However, this perspective has been lost in virtually all of the model approaches. Generally, they use rather secure government bond yields as a starting point. Again, with regard to the real economy, a risky return on capital would be a more appropriate yardstick. When we look at measures for the return on private capital, we see a strong contrast with risk-free rates. Returns on private capital have remained broadly stable over the last decades in the US,[11] Germany[12] and the euro area as a whole.[13] 

From these observations, Ricardo Reis draws the following conclusion: focusing exclusively on the return on government bonds as the measure of r-star, while neglecting the return on private capital, leads to the wrong policy advice.[14]

Another case in point is the time horizon that is considered. Commonly cited estimates seek to assess the real rate that prevails in the longer run, when all shocks have dissipated. Most of these estimates are highly imprecise. Many methods simply project the current or the historical level of real rates into the future. This may confound permanent trends with cyclical factors, which may not be representative for the future. As a result, such methods could miss important turning points in real rate trends. 

Other approaches characterise a short-run real rate in a hypothetical world without frictions. While interesting, this concept is of limited value for actual policymaking in the real world. Methods based on a short-term equilibrium tend to produce more volatile estimates of r-star.

There is a third reason for caution: monetary policy itself may play a role in shaping the natural rate or its estimates. A number of studies challenge the view that money is neutral in the long run.[15] 

There are different channels through which monetary policy could have lasting effects on real interest rates. Prolonged tight monetary policy, for example, may lower investment, innovation and productivity growth.[16] By contrast, persistent monetary easing could fuel financial imbalances and contribute to zombification.[17] 

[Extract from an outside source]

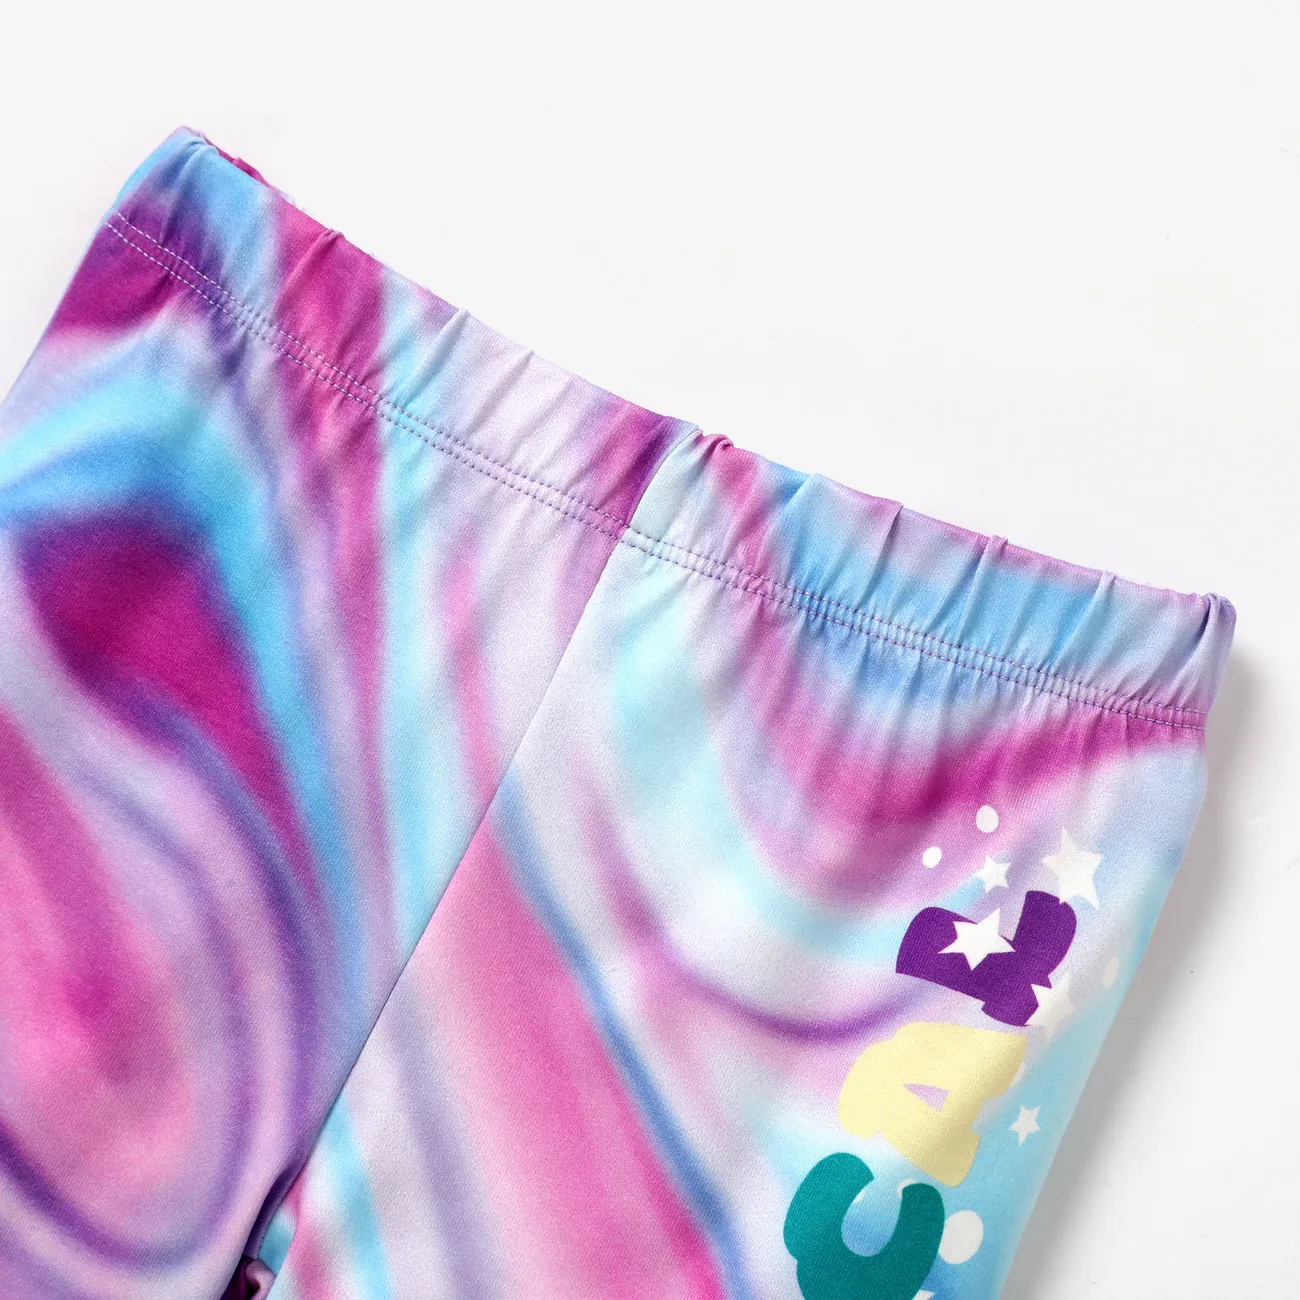 迪士尼公主 2pcs Todder/Kid Girl Colorful Rainbow Floral Pattern Set 紫色 big image 1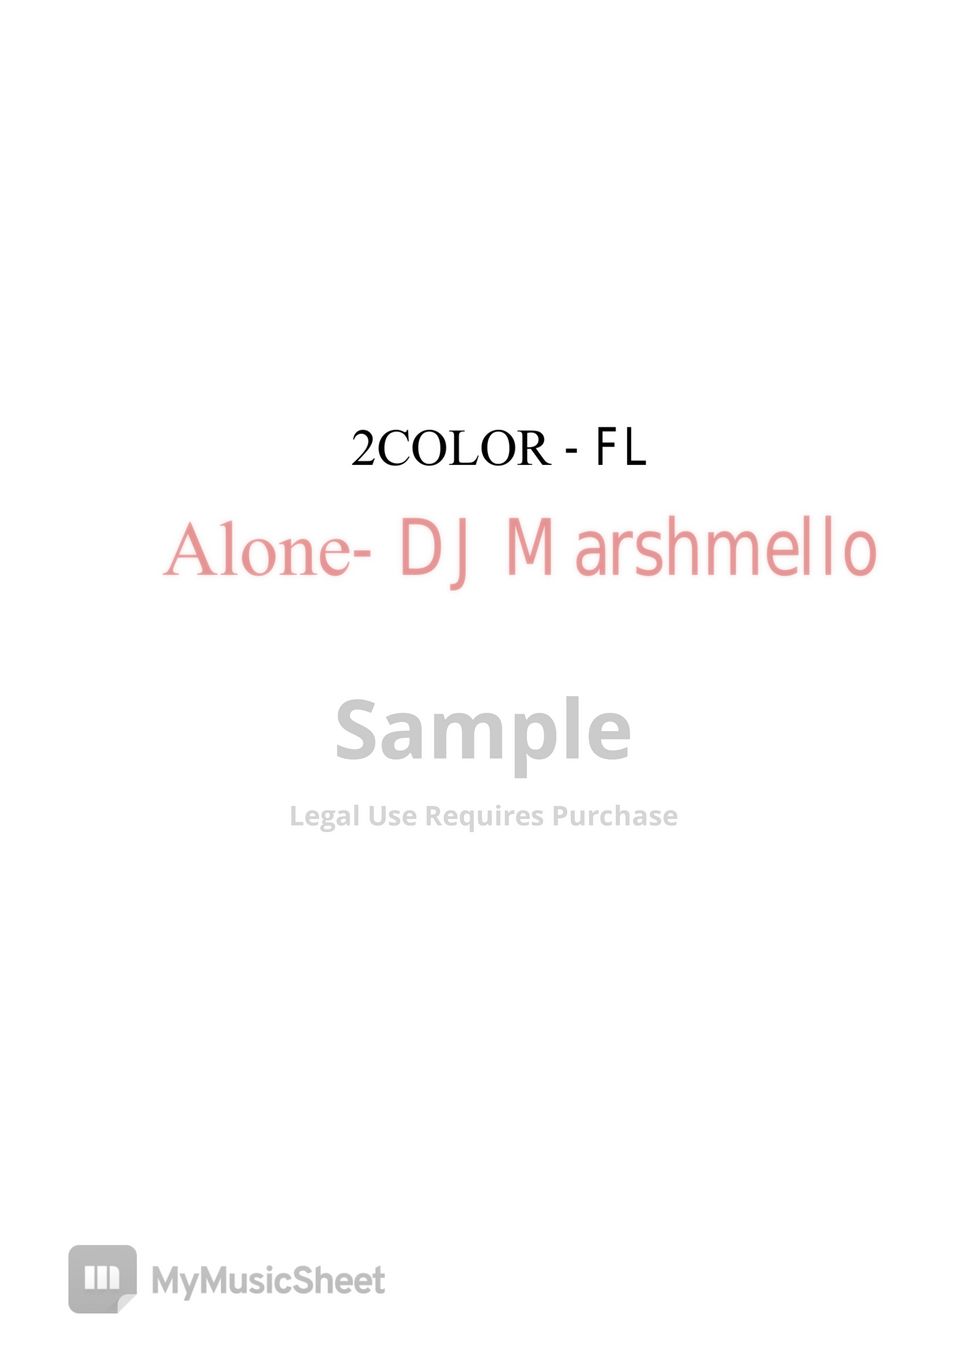 DJ.Marshmello - Alone (VIOLIN, FLUTE) by 2COLOR

Moreover, recent research suggests that central bank announcements provide guidance about the trend in real rates. For instance, a narrow window around Fed meetings captures most of the trend decline in US real long-term yields since 1980.[18] This could mean: when central banks look for r-star in financial market prices, they might actually be looking in a mirror.[19] Feedback loops between monetary policy and markets could unduly reinforce their perceptions about r-star. And shifts in perceived r-star could affect actual r-star as it influences saving and investment decisions.

5 Conclusions for monetary policy

Against the backdrop of these major uncertainties, the final key question of my speech is this: what role can and should r-star play for monetary policy in practice?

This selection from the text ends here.